Zonguldak eşsiz bir cennet gibi bir şehir aslında.
Değerini bilene tabi...
Harika koyları, plajları, şelaleleri, mağaraları, tarihi yapıları, yeşili ve deniziyle zor bulunan doğal güzelliklere sahip.
Ama bir güzellik bulduğumuzda tahrip etmekte üstümüze yok!
Uzun süredir Zonguldak'ın cennet görünümlü koylarından olan Orta Kapuz ve Tersane plajlarını kullanamıyoruz.
Devlet Demiryolları tarafından istinat duvarı, üst geçit ve asansör inşaatı devam etmekte.
DDY İkinci Bölge tarafından bir inşaat firmasına ihale edilerek yürütülen istinat duvarı,
üst geçit ve asansör inşaatı sırasında çıkan harfiyat ise firma tarafından bilinçsizce denize dökülüyor, sahilde bırakılıyor.
Bu eşsiz güzellikteki koylarımızın güzelliğinin bozulmasına,
dökülen harfiyatlarla doğanın tahrip edilmesine nasıl müsade ediliyor?
'Bir işi yaparken başka bir güzelliği bozmak mıdır?' Zonguldak'ta hizmet etmek.
Zonguldak eşsiz doğa güzelliğinin, yeraltı zenginliğinin yanı sıra bir o kadar da sahipsiz bir şehir aslında.
Allah vermiş, kullar sahip çıkamamış.
(Kullar derken basiretsiz, beceriksiz siyasetçiler ve bürokratlar kastedilmektedir)
Bir iş yapılırken başka bir şeyi korumak için vatandaşlar tepki göstermek zorunda kalıyor her zaman.
Oysa bir iş yapılırken getirisinin ve götürüsünün, dokusunun bozulmamasının hesaplanması zor olmasa gerek.

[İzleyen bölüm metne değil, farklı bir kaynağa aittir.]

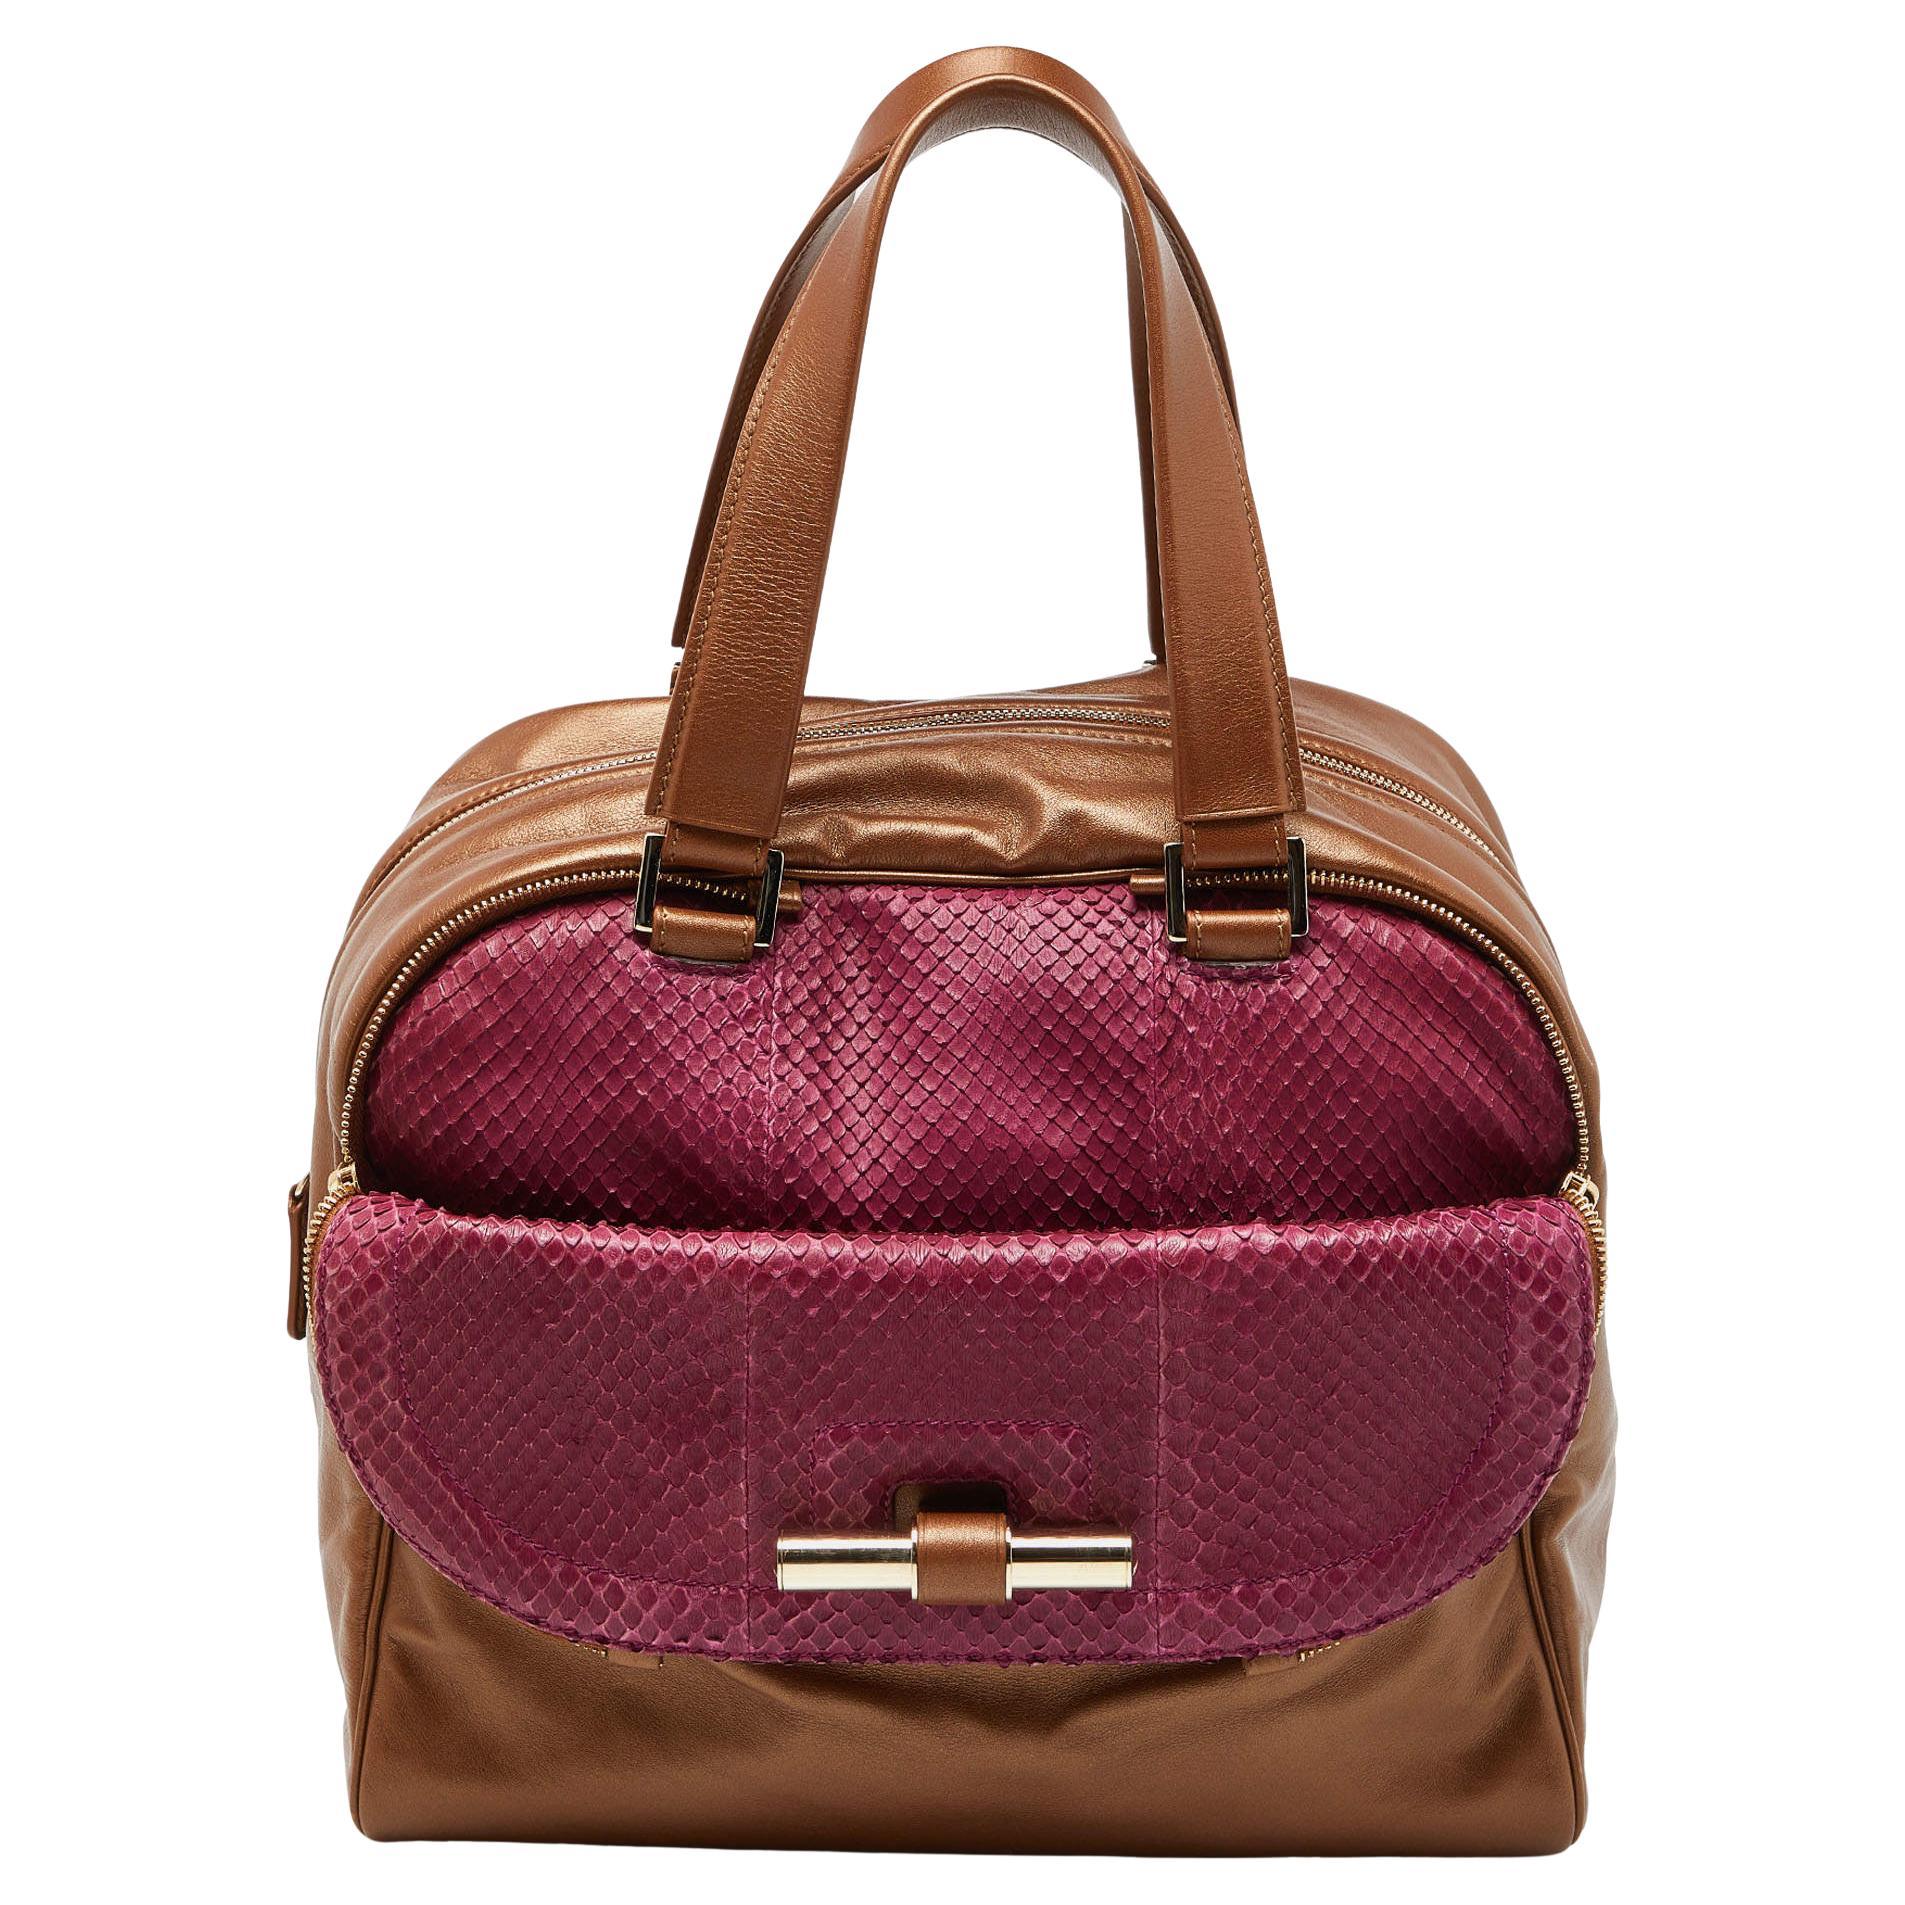 Jimmy Choo Brown/Magenta Leather and Watersnake Leather Justine Satchel For Sale

Yer üstünde cennet var; değeri bilinmez, tahrip edilir, harfiyat dökülür, çöp doldurulur.
Yeraltında ülke sanayisini beslemiş, en önemli doğal kaynak taşkömürü var,
taşkömürünü çıkarmak için ihmaller zinciriyle binlerce vatandaşımız can vermiş.
Turizm için elimizde altın değerinde Filyos (Tios) Antik Kentimiz var,
kazı çalışmaları için yeterli ödenek sağlanmadığı için günyüzüne çıkarılamayan...
Ve ve ve...
Zonguldak kısır siyasi çekişmelerle gün öldürürken bir arpa boyu yol alamamış.
Türkiye'yi sırtlayan Zonguldak, Türkiye'nin sırtında kambur olarak görülmeye başlamış.
Buradan bakınca bir cennet olan şehrimiz, Ankara'dan bir nokta olarak görülmüş.
İyi bir Zonguldak lobisi oluşturamadan,
Kafatasçı siyaset yaparak da farklı görülmesini beklemek malesef çok zor.
Sen ben kavgasını bırakıp biz olmayı başaramadığımız sürece daha çok arkasından bakakalırız değerlerimizin, güzelliklerimizin.